| PROVIDED MATERIAL |
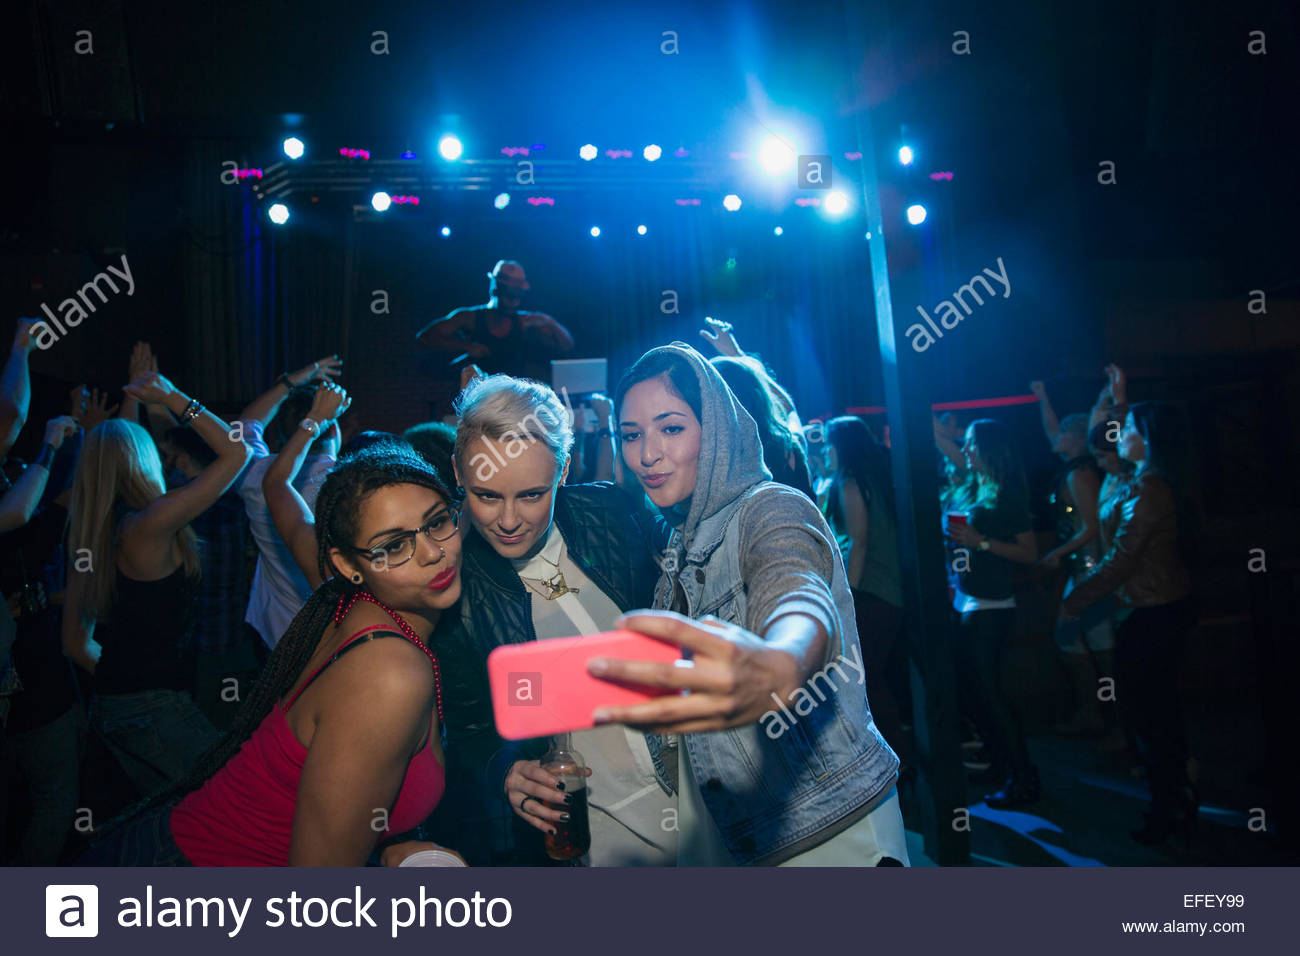 Women taking selfie in nightclub Stock Photo
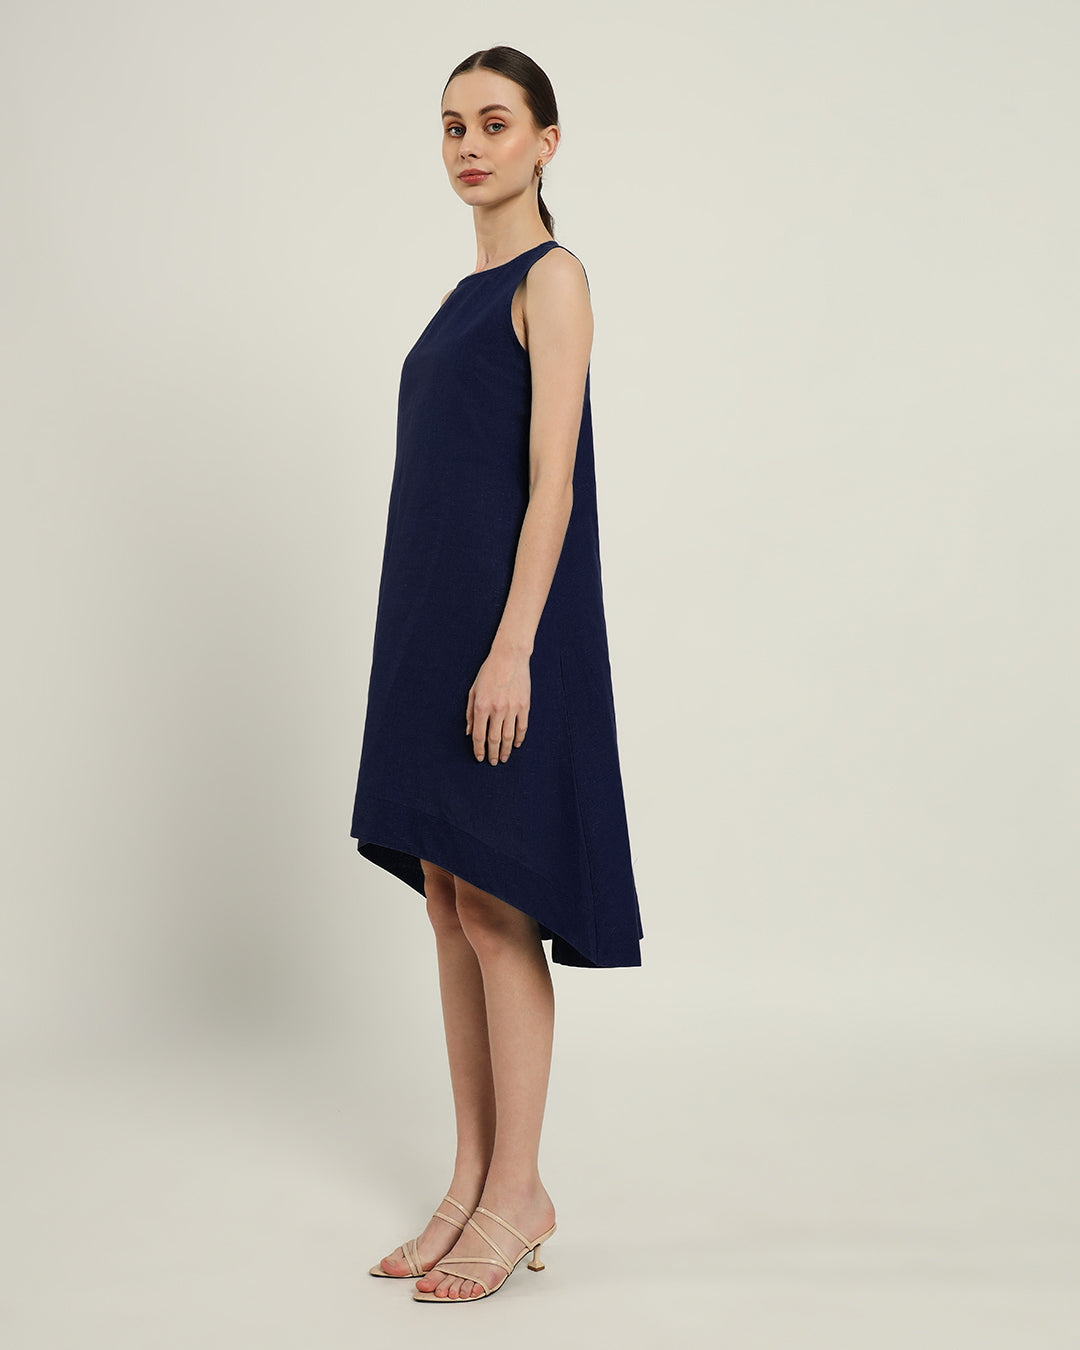 The Odesa Daisy Midnight Blue Linen Dress
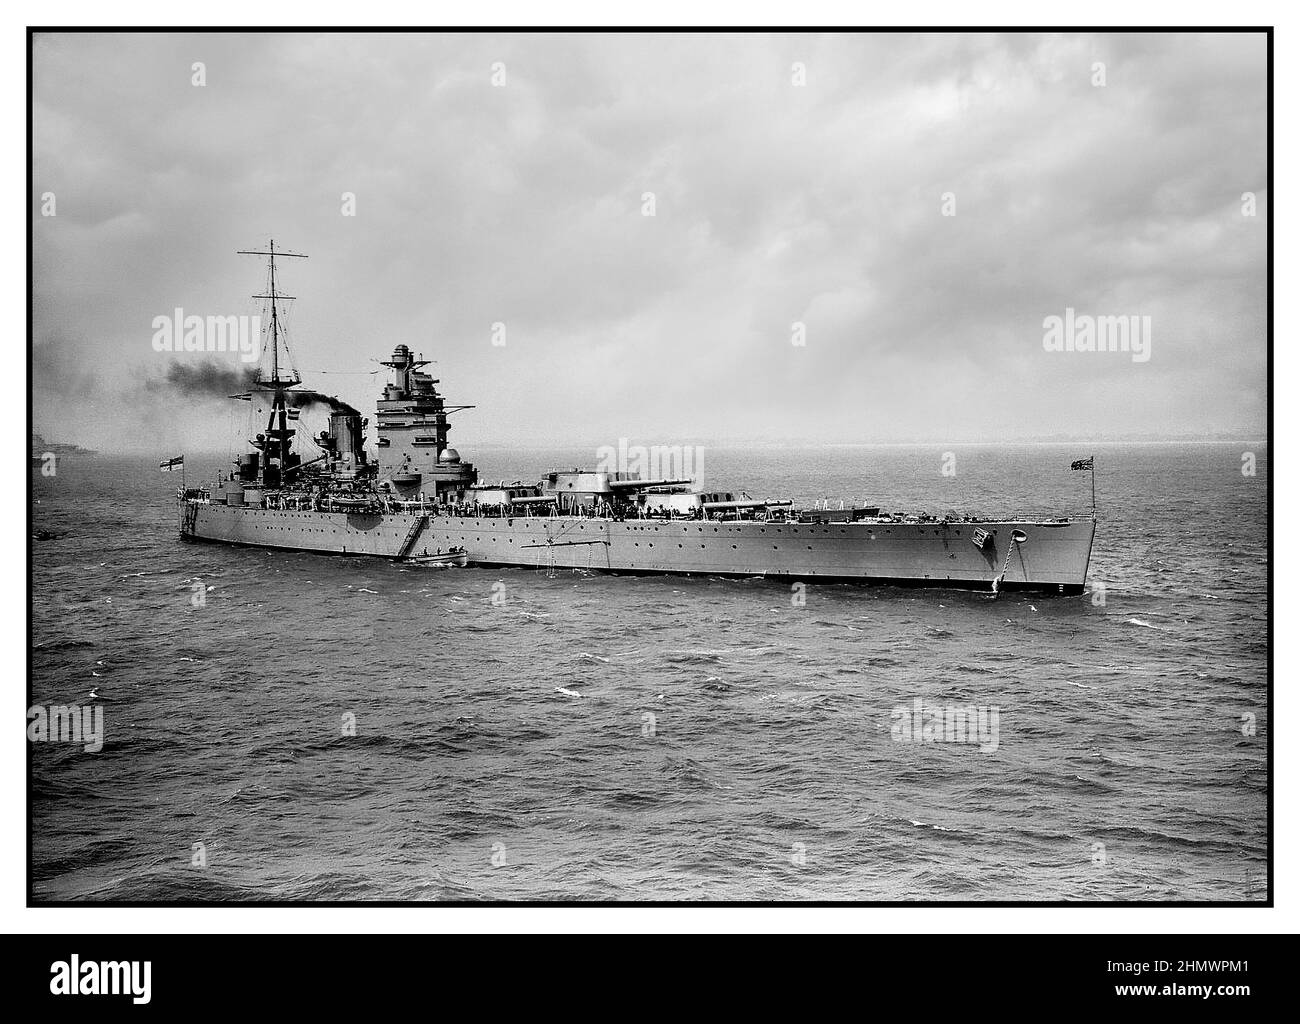 HMS Rodney WW2 war eines von zwei Schlachtschiffen der Nelson-Klasse, die Mitte 1920s für die Royal Navy gebaut wurden. Das Schiff wurde 1928 in Dienst gestellt und verbrachte ihre Friedenslaufbahn bei der Atlantic- und Home-Flotte, die manchmal als Flaggschiff diente, als ihr Schwesterschiff, Nelson, umgebaut wurde. In den frühen Phasen des Zweiten Weltkriegs suchte sie nach deutschen Handelskriegen, nahm an der Norwegischen Kampagne Teil und begleitete Konvois im Atlantik. HMS Rodney spielte eine wichtige Rolle beim Untergang des deutschen Schlachtschiffs Bismarck Mitte 1941. Stockfoto

| TASK REQUIREMENTS |
Pictures excluded, quote all the data above exactly.

| YOUR RESPONSE |
 Women taking selfie in nightclub Stock Photo
 The Odesa Daisy Midnight Blue Linen Dress
 HMS Rodney WW2 war eines von zwei Schlachtschiffen der Nelson-Klasse, die Mitte 1920s für die Royal Navy gebaut wurden. Das Schiff wurde 1928 in Dienst gestellt und verbrachte ihre Friedenslaufbahn bei der Atlantic- und Home-Flotte, die manchmal als Flaggschiff diente, als ihr Schwesterschiff, Nelson, umgebaut wurde. In den frühen Phasen des Zweiten Weltkriegs suchte sie nach deutschen Handelskriegen, nahm an der Norwegischen Kampagne Teil und begleitete Konvois im Atlantik. HMS Rodney spielte eine wichtige Rolle beim Untergang des deutschen Schlachtschiffs Bismarck Mitte 1941. Stockfoto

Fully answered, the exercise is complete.